The distribution accuracy obtained by this example is roughly ±10% of the snowstorm concentration distribution, as shown in FIGS. 2 and 3.

Wind speed distribution is ±10%.

FIG. 4 shows another embodiment that enables feedback control of the wind speed distribution.

Compared to the above embodiment, pitot tube 9. A differential pressure converter 10 and a calculator 11 are added. The vertical wind speed (pressure) is measured by the pitot tube 9, and converted into an electrical signal by the differential pressure converter 10. These two electric signals are compared by the calculator 11, and if the upper wind speed is low.
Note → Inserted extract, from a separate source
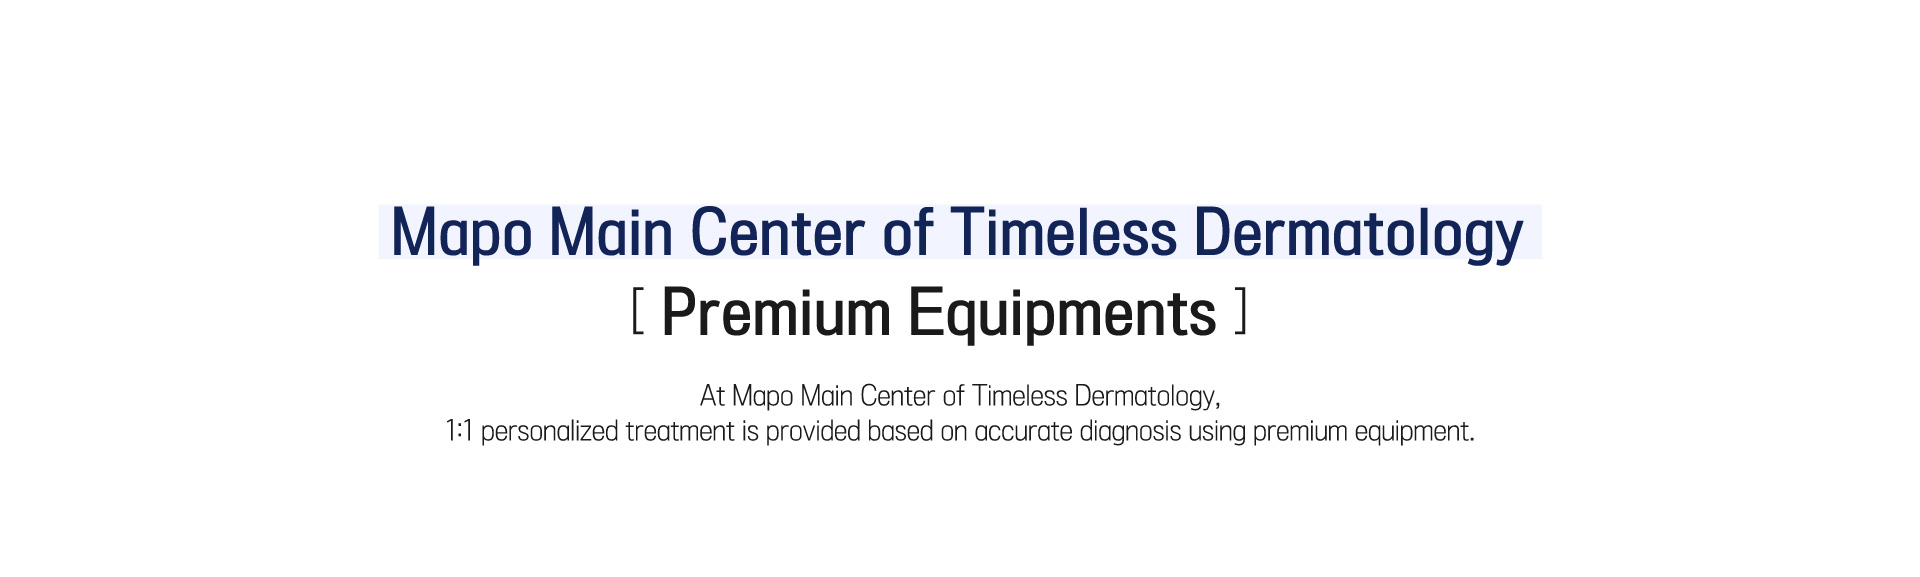 Timeless cermatologic clinic's premium equipment

The downstream lower deflector 5 is moved upward, and when the upward wind speed is low, the downstream upper deflector 4 is moved downward.

According to this embodiment, there is an effect of improving the wind speed distribution at the outlet.
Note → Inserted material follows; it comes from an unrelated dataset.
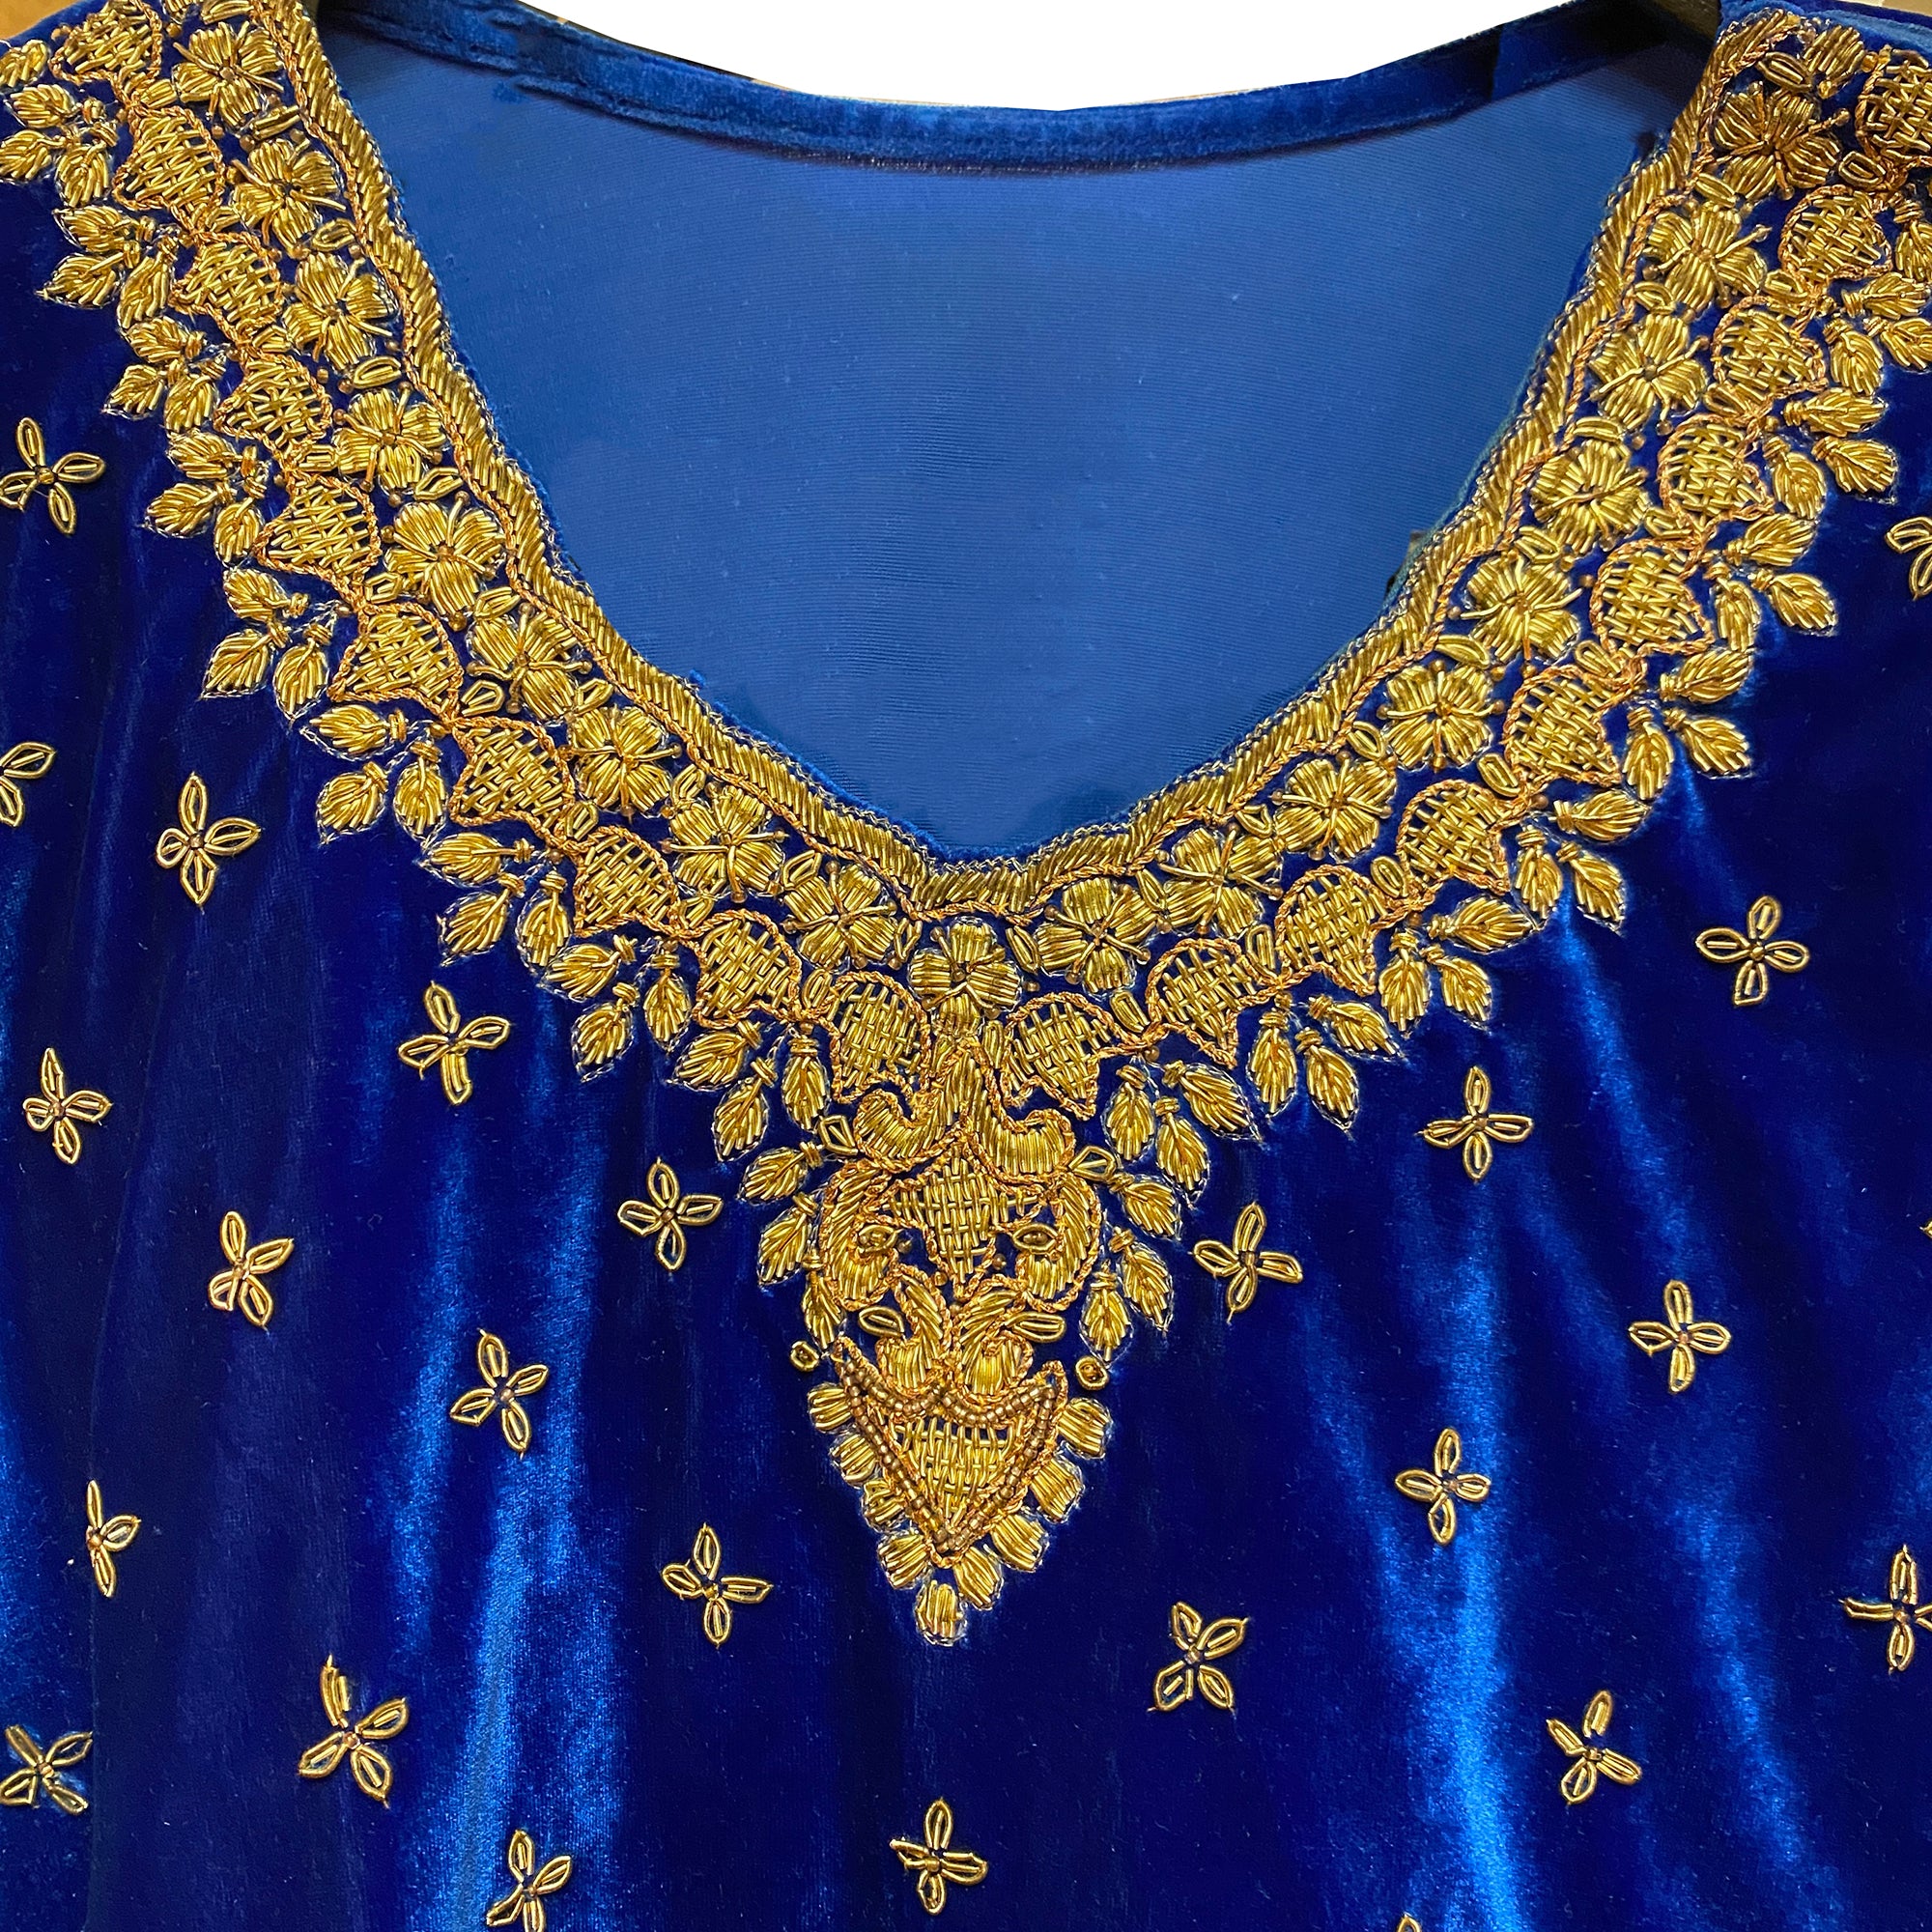 Royal Velvet Top with Zardosi Embroidery - Vintage India NYC

Further, another embodiment in which the amount of snow remaining in the snowstorm nozzle 1 is reduced is shown in FIG. 6. Compared to the embodiment shown in FIG. The length extends to the vicinity of the snowstorm nozzle opening.

By configuring as described above, as shown in FIG. 6, it is possible to prevent the generation of vortices in the downstream portion of the deflector. When a vortex is generated in the downstream portion, snow accumulates, but in this deflector 12, since no vortex is generated, no snow remains. According to this embodiment, the yield of snow inside the snowstorm nozzle can be reduced.

〔Effect of the invention〕

According to the present invention, it is possible to obtain a nozzle for an artificial snow-making device with excellent blizzard concentration distribution and wind speed distribution, and it is possible to carry out simulation tests under actual blizzard conditions.

[Brief explanation of the drawing]

FIG. 1 is a cross-sectional view of one embodiment of the noz/Q for an artificial snow-making device of the present invention, FIG. 2 is a diagram showing the blowing snow distribution accuracy obtained by the embodiment shown in FIG. 1, and FIG. 3 is a similar diagram. 4 is a cross-sectional view of another embodiment of the present invention, FIG. 5 is a cross-sectional view of still another embodiment of the present invention, and FIG. 6 is a cross-sectional view of another embodiment of the present invention.
It is a figure which shows the flow state of the wind obtained by the Example shown in a figure. 1... Blizzard nozzle, 2... Zero drop shooter,
3...Upstream deflector-14...Downstream upper deflector-5, 12...Downstream lower deflector-16a, 6b
...Air cylinder, 7. Jack, 9. Pitot tube, u l diagram

Claims (1)

[Claims] 1. A blizzard nozzle for an artificial snow-making device that is attached to an artificial snow-making device and blows out simulated snow to reproduce an artificial snowstorm; An upstream deflector attached to the upper part, an upper downstream deflector installed downstream of the upstream deflector and protruding from the upper part of the nozzle in the shooter, and an upper downstream deflector attached to protrude from the lower part of the nozzle. Features: A blowing snow nozzle for artificial snowfall equipment.